# Connecting Studio Monitors to iMac



## Mario8672 (Oct 5, 2007)

I have an iMac and I want to connect a pair of active studio monitors to it. The monitors have these connections:

Unbalanced RCA 
Balanced XLR (balanced/TRS)

http://img3.musiciansfriend.com/dbase/pics/products/2/9/9/341299.jpg

I'm pretty sure that RCA is terrible, so how would I connect it to my iMac using the XLR?

Thanks


----------



## icemanjc (Oct 5, 2007)

RCA isn't that bad, but here you go, this is meant for a microphone, but it will work the same way. http://www.griffintechnology.com/products/garagebandcables/


----------



## Mario8672 (Oct 5, 2007)

Oh thanks a lot! I never knew those existed.


----------



## eric2006 (Oct 5, 2007)

You could also use something like this:
http://www.presonus.com/firebox.html

I have used the 8-channel version, and it works extremely well. It may have better quality, as you don't need to "downgrade" the signal to a 3.5mm jack - it goes firewire -> XLR.
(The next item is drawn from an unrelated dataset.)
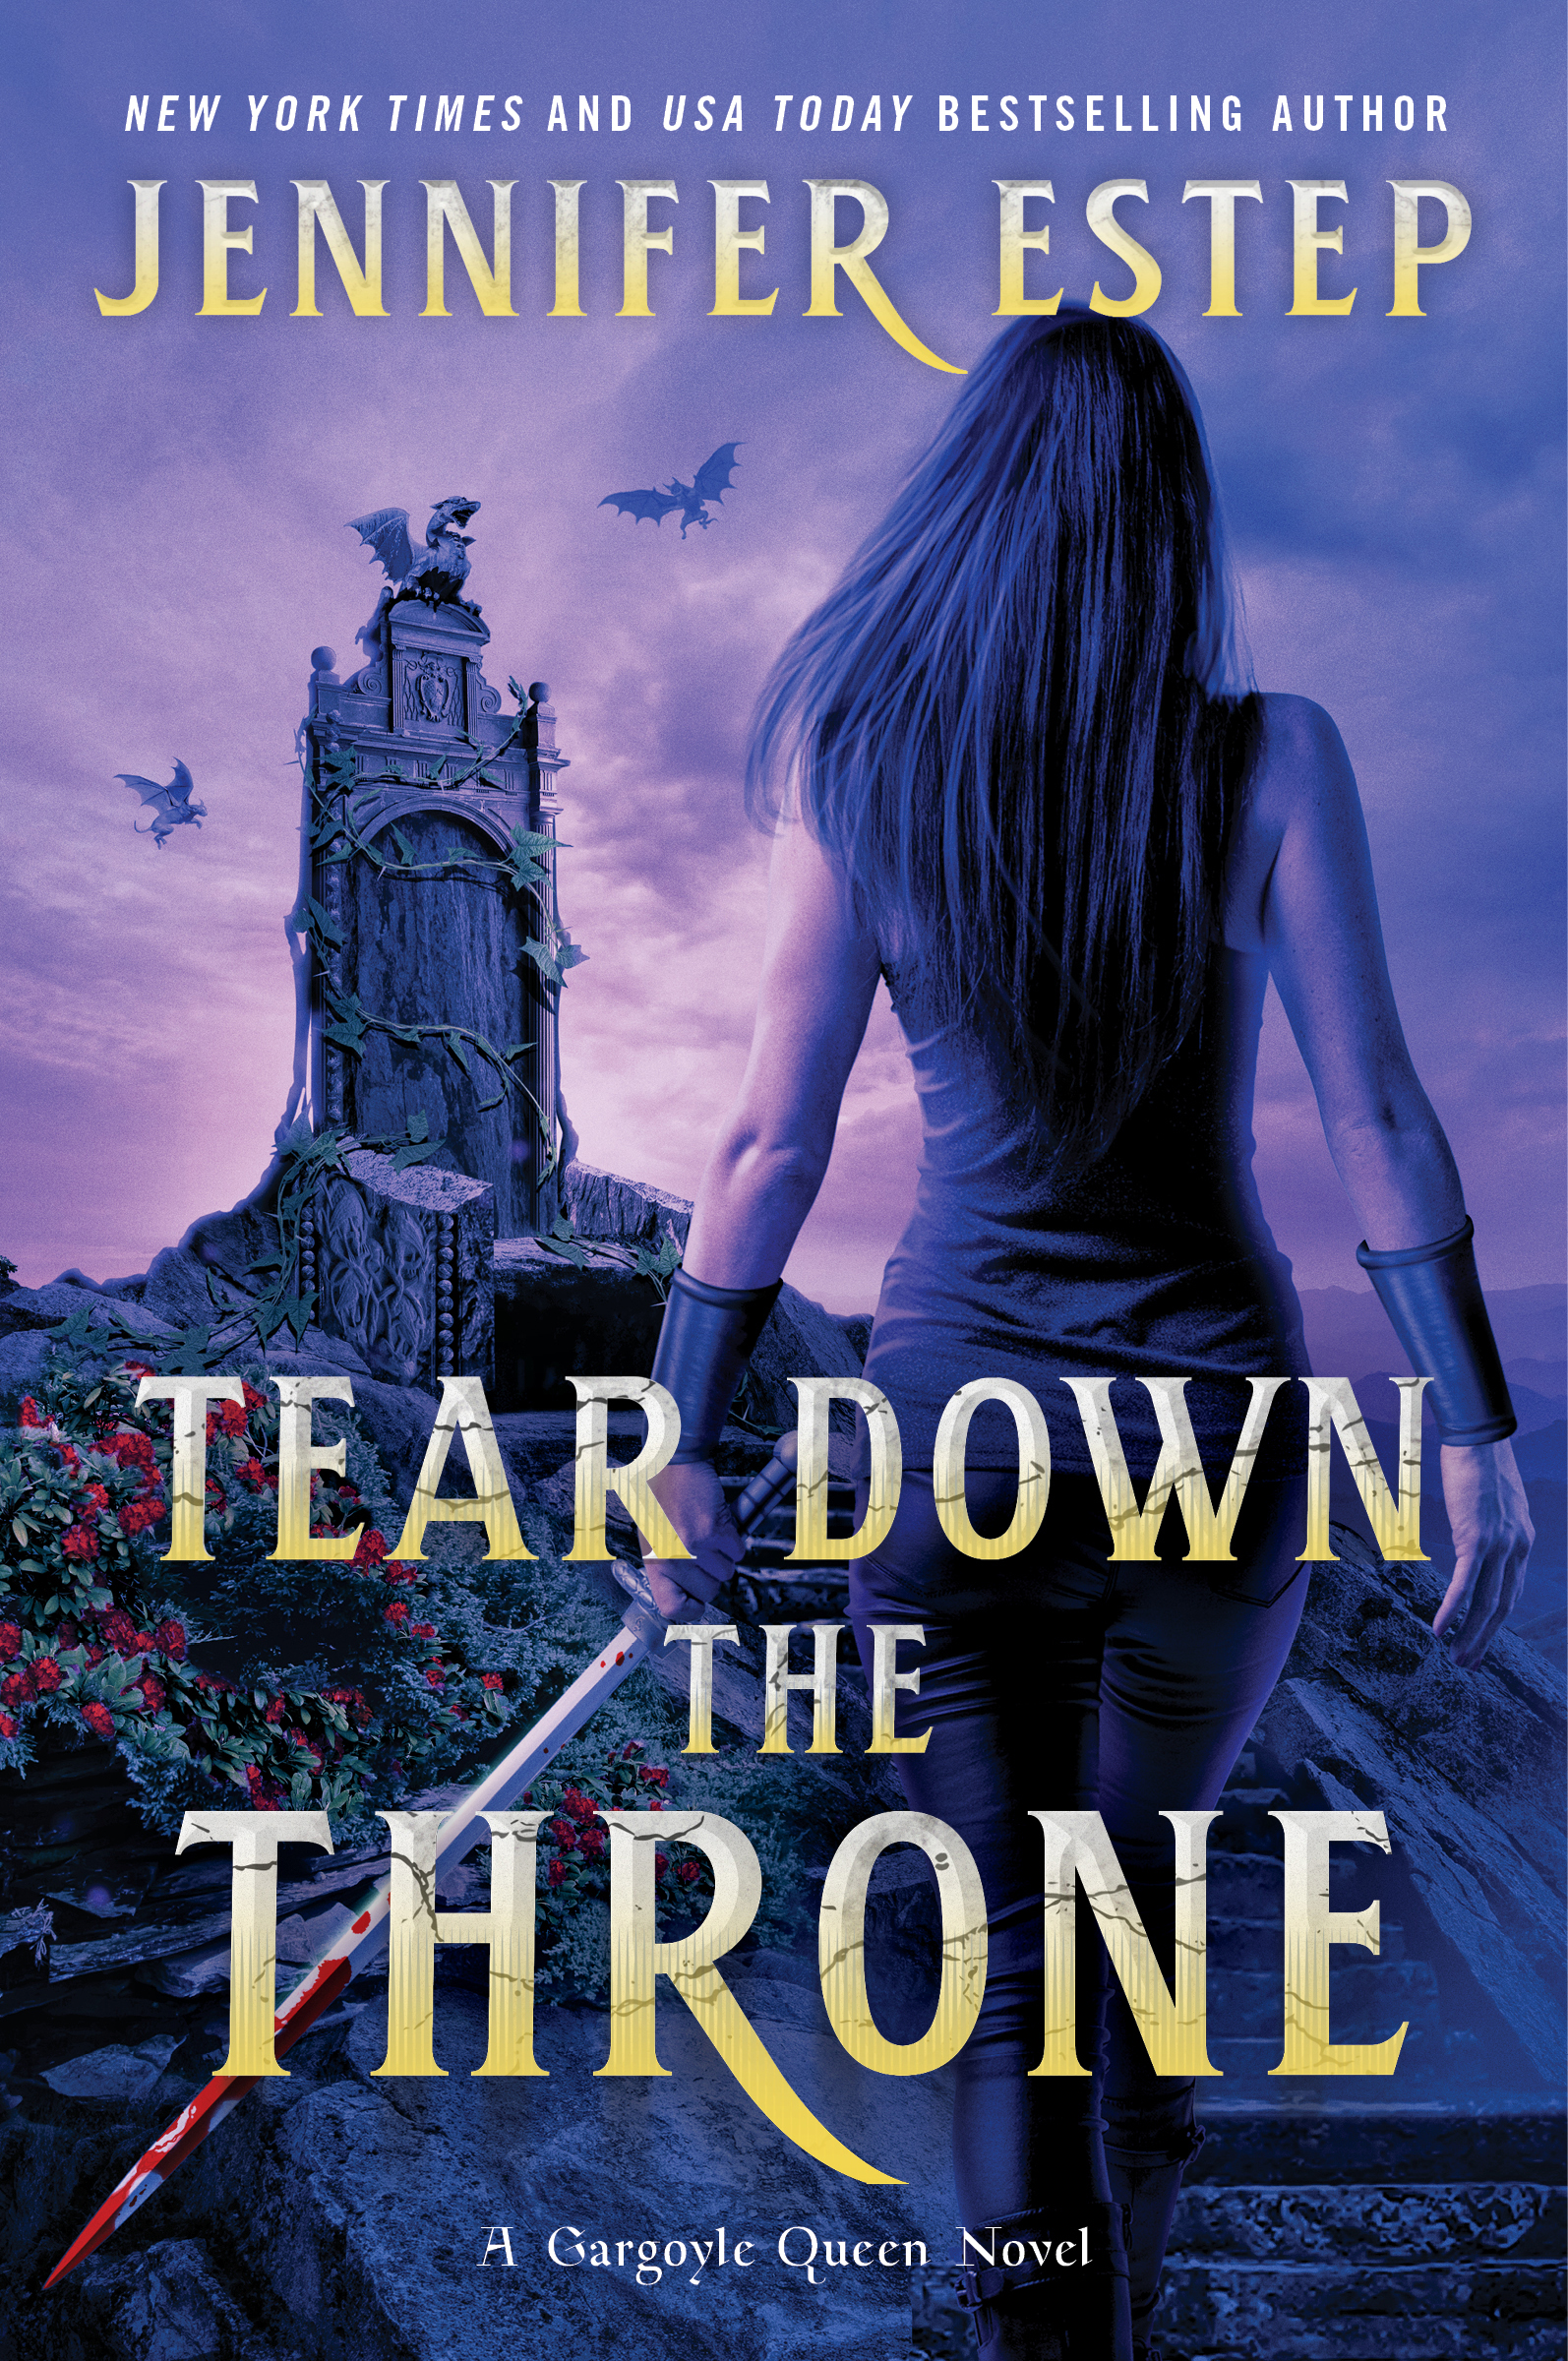 Tear Down the Throne purple cover art with woman holding a sword in front of a throne

Then again, it costs $250.

http://www.griffintechnology.com/products/garagebandcables/
looks like you only get one output?


----------



## Mario8672 (Oct 5, 2007)

eric2006 said:


> http://www.griffintechnology.com/products/garagebandcables/
> *looks like you only get one output?*



That's true! Do they make a   [2 XLR] ----> [1/8th minijack]?


----------



## eric2006 (Oct 5, 2007)

yes, 
http://www.samash.com/catalog/showi...se=&Contains=&Search_Type=SEARCH&GroupCode=(m
(male)

http://www.samash.com/catalog/showitem.asp?itemid=22141&sourcetype=singleitemsearch
(female)


----------



## Mario8672 (Oct 5, 2007)

Thanks!


----------